_RECORDS PROVIDED_

****************

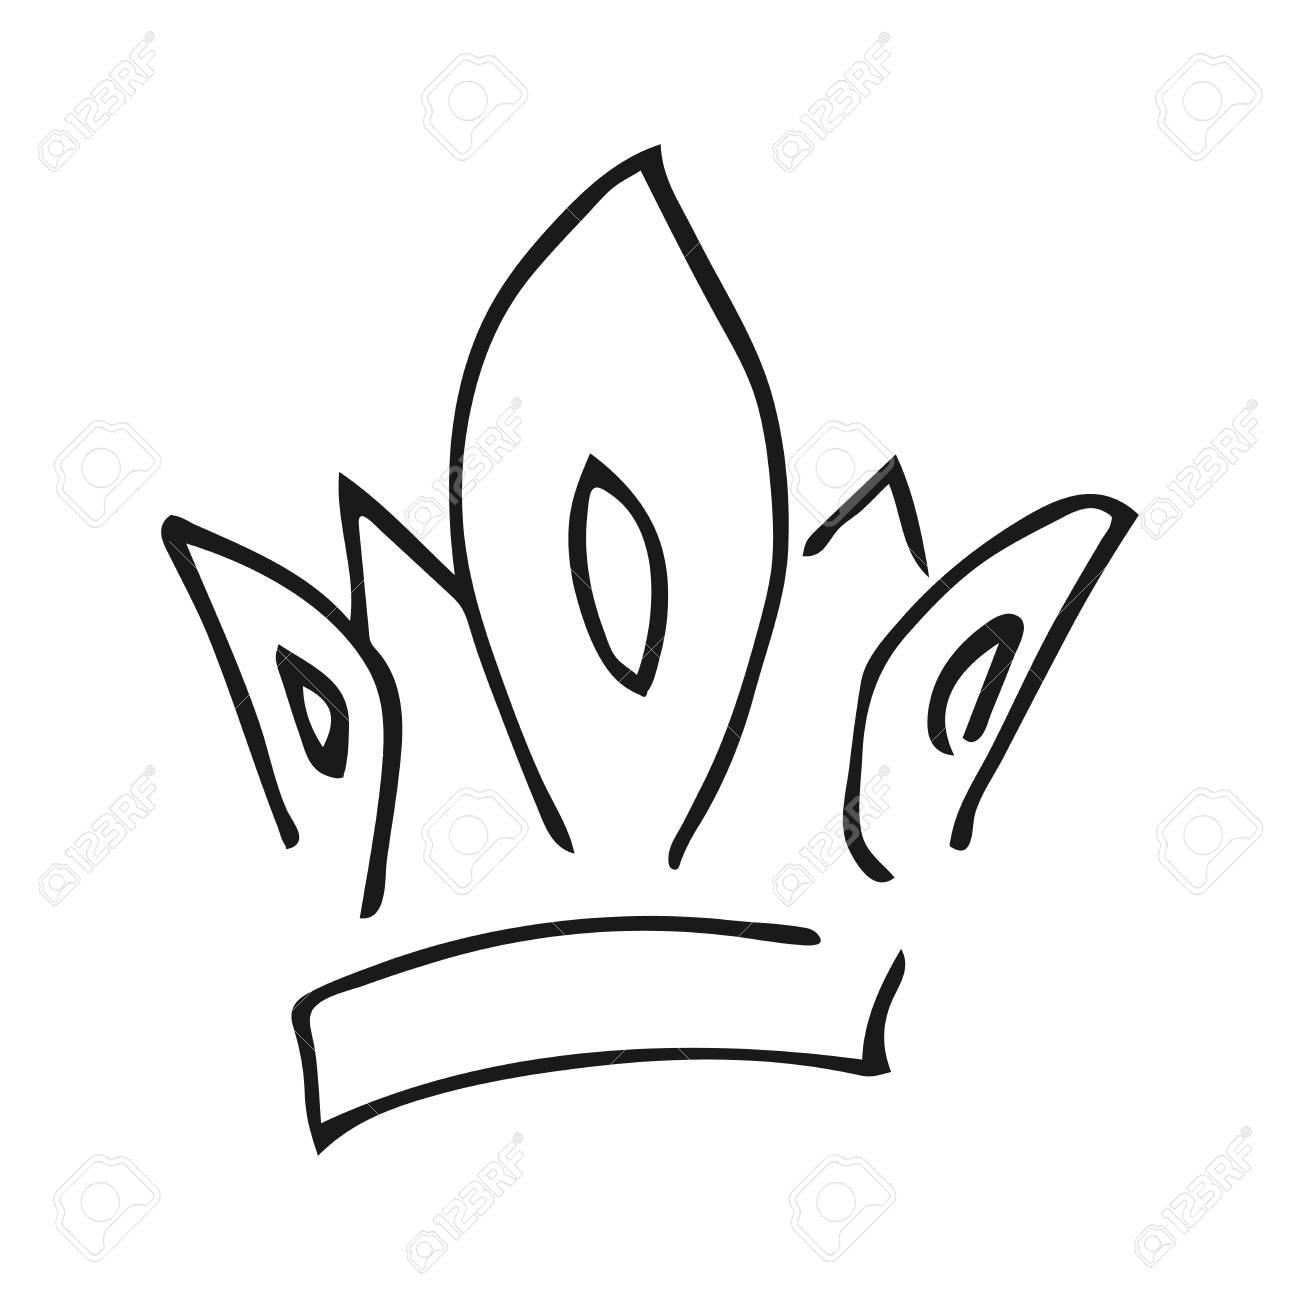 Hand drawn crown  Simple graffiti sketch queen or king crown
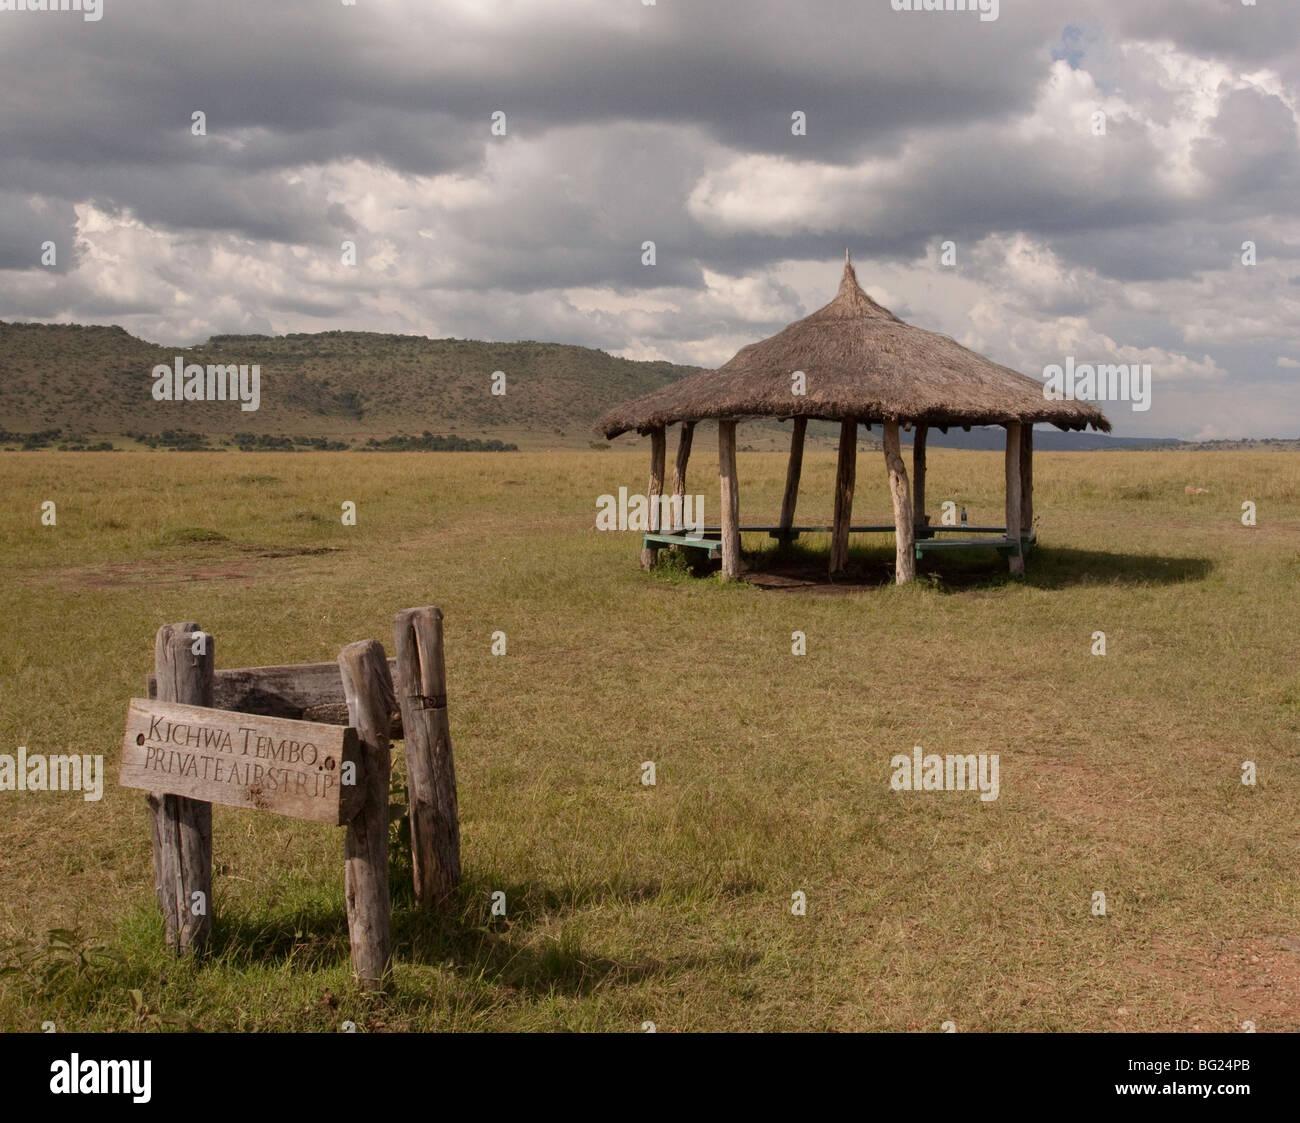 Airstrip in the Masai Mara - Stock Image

****************

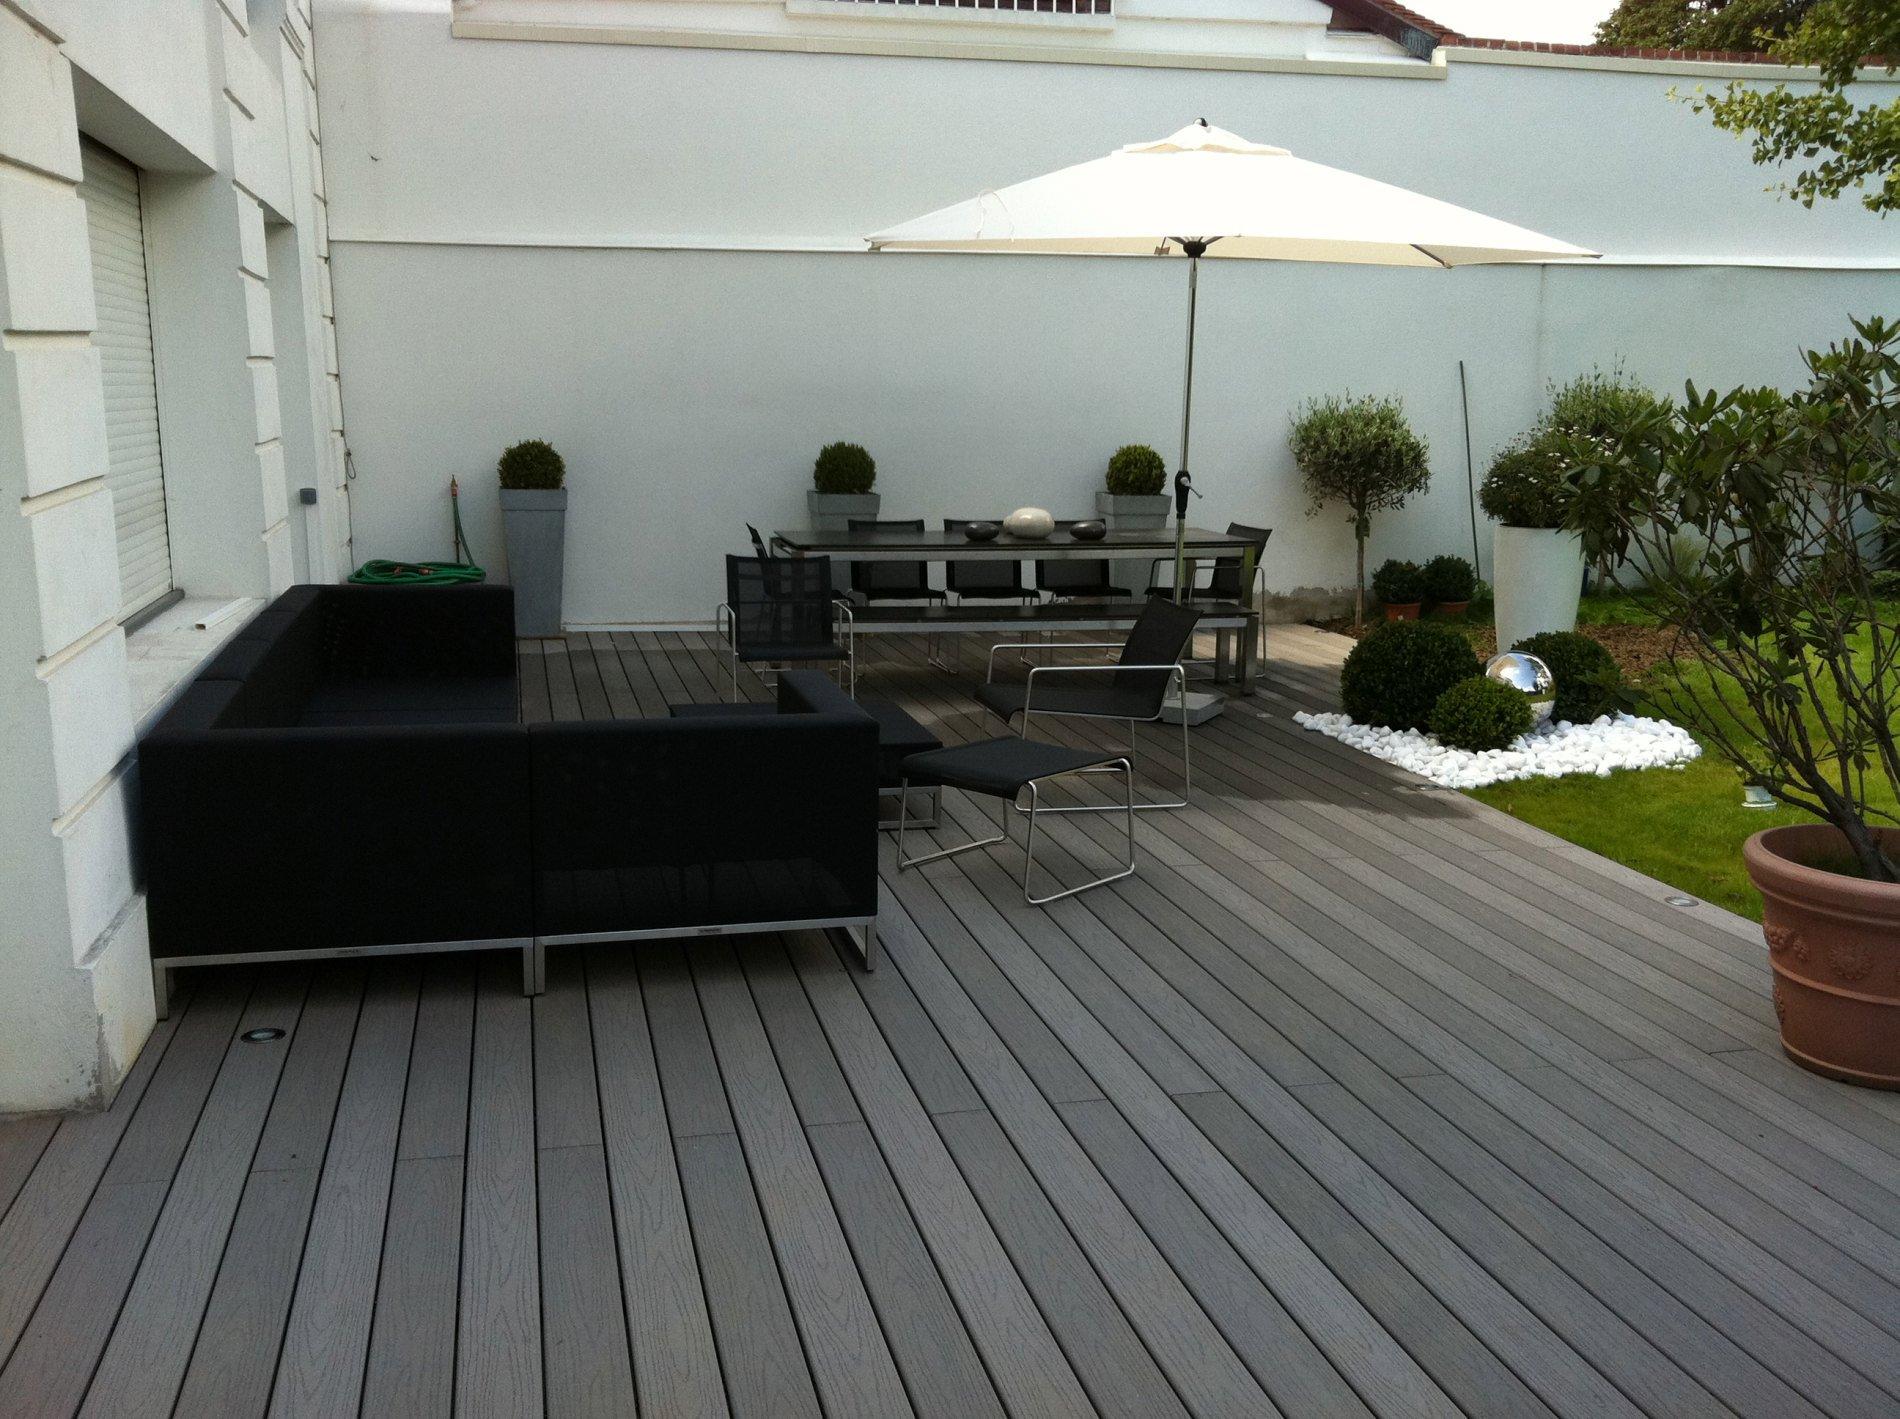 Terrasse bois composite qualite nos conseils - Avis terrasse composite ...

****************

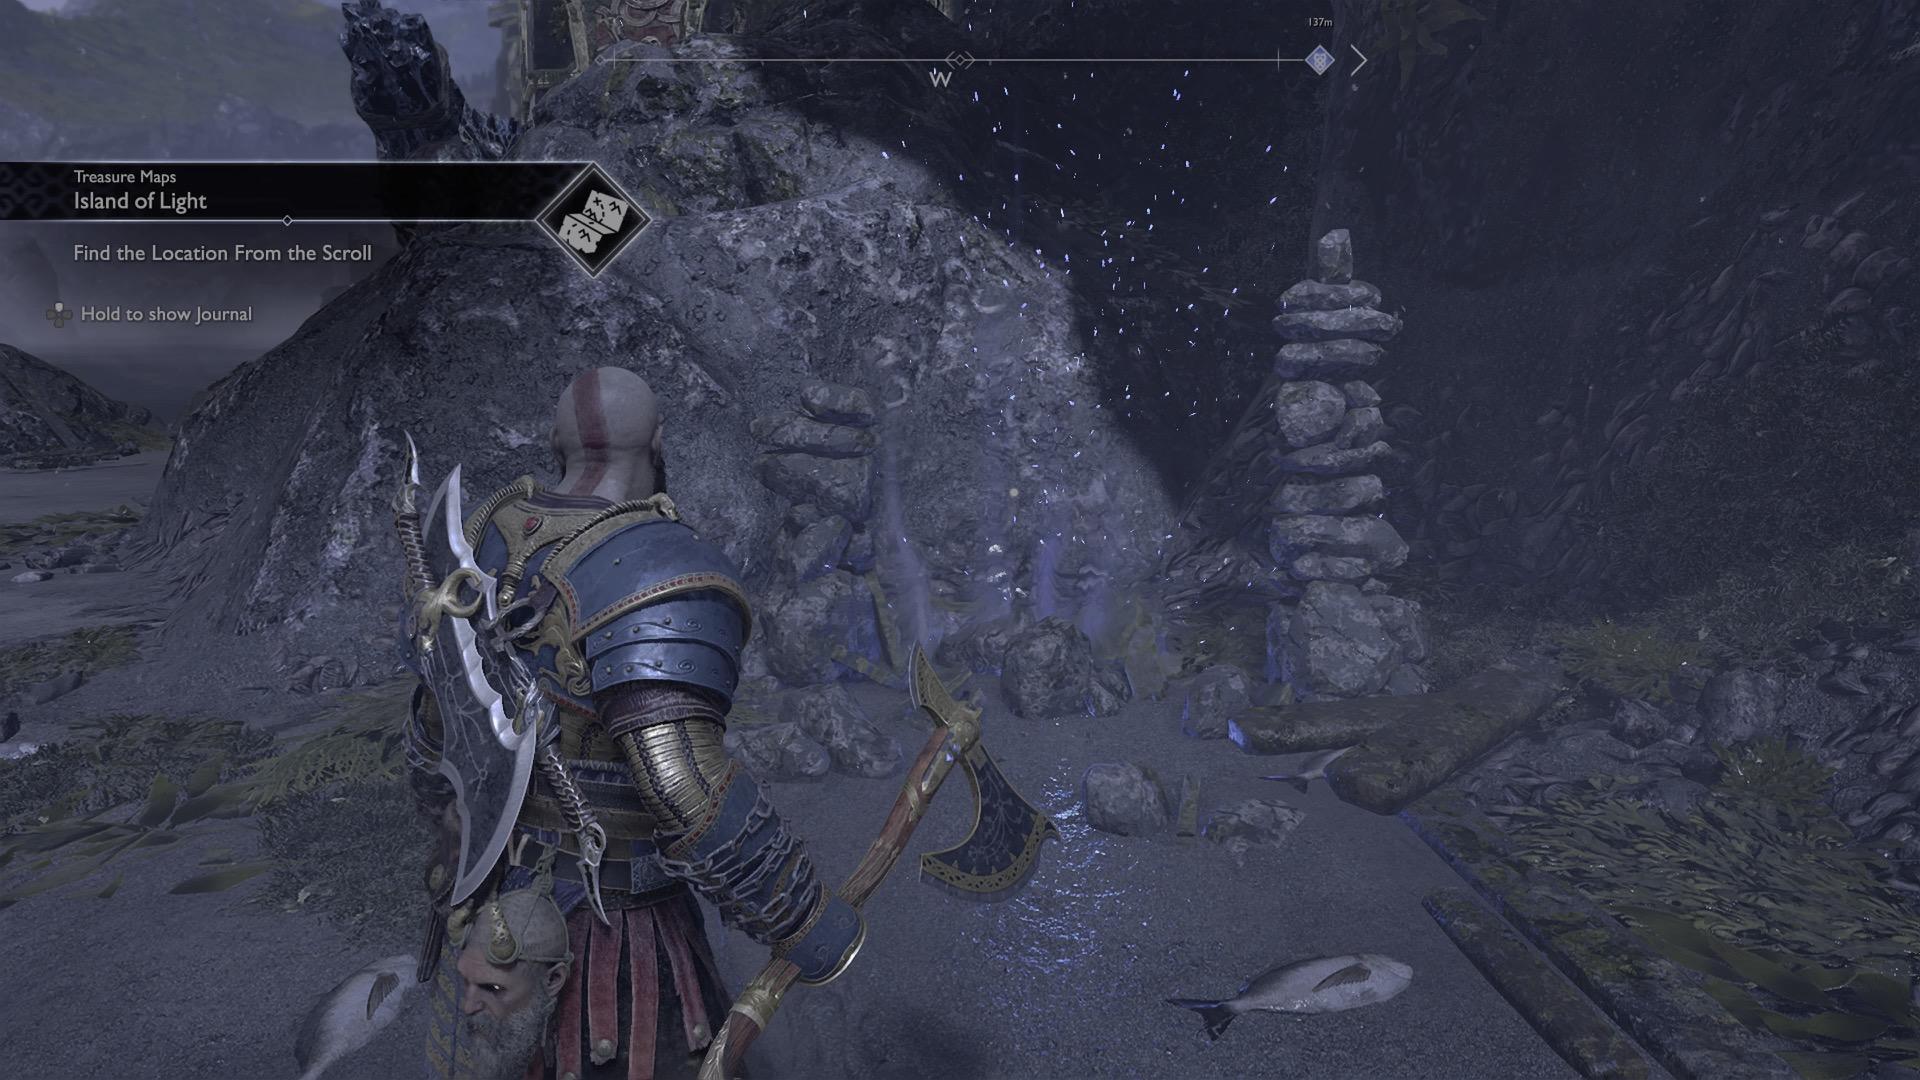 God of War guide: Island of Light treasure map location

****************

_TRY IT_
In the listing above, find the line containing "Hand drawn crown" and the line containing "Airstrip in the Masai Mara - Stock Image"; print those lines and every line between them exactly, leaving out pictures.

_REPLY_
 Hand drawn crown  Simple graffiti sketch queen or king crown
 Airstrip in the Masai Mara - Stock Image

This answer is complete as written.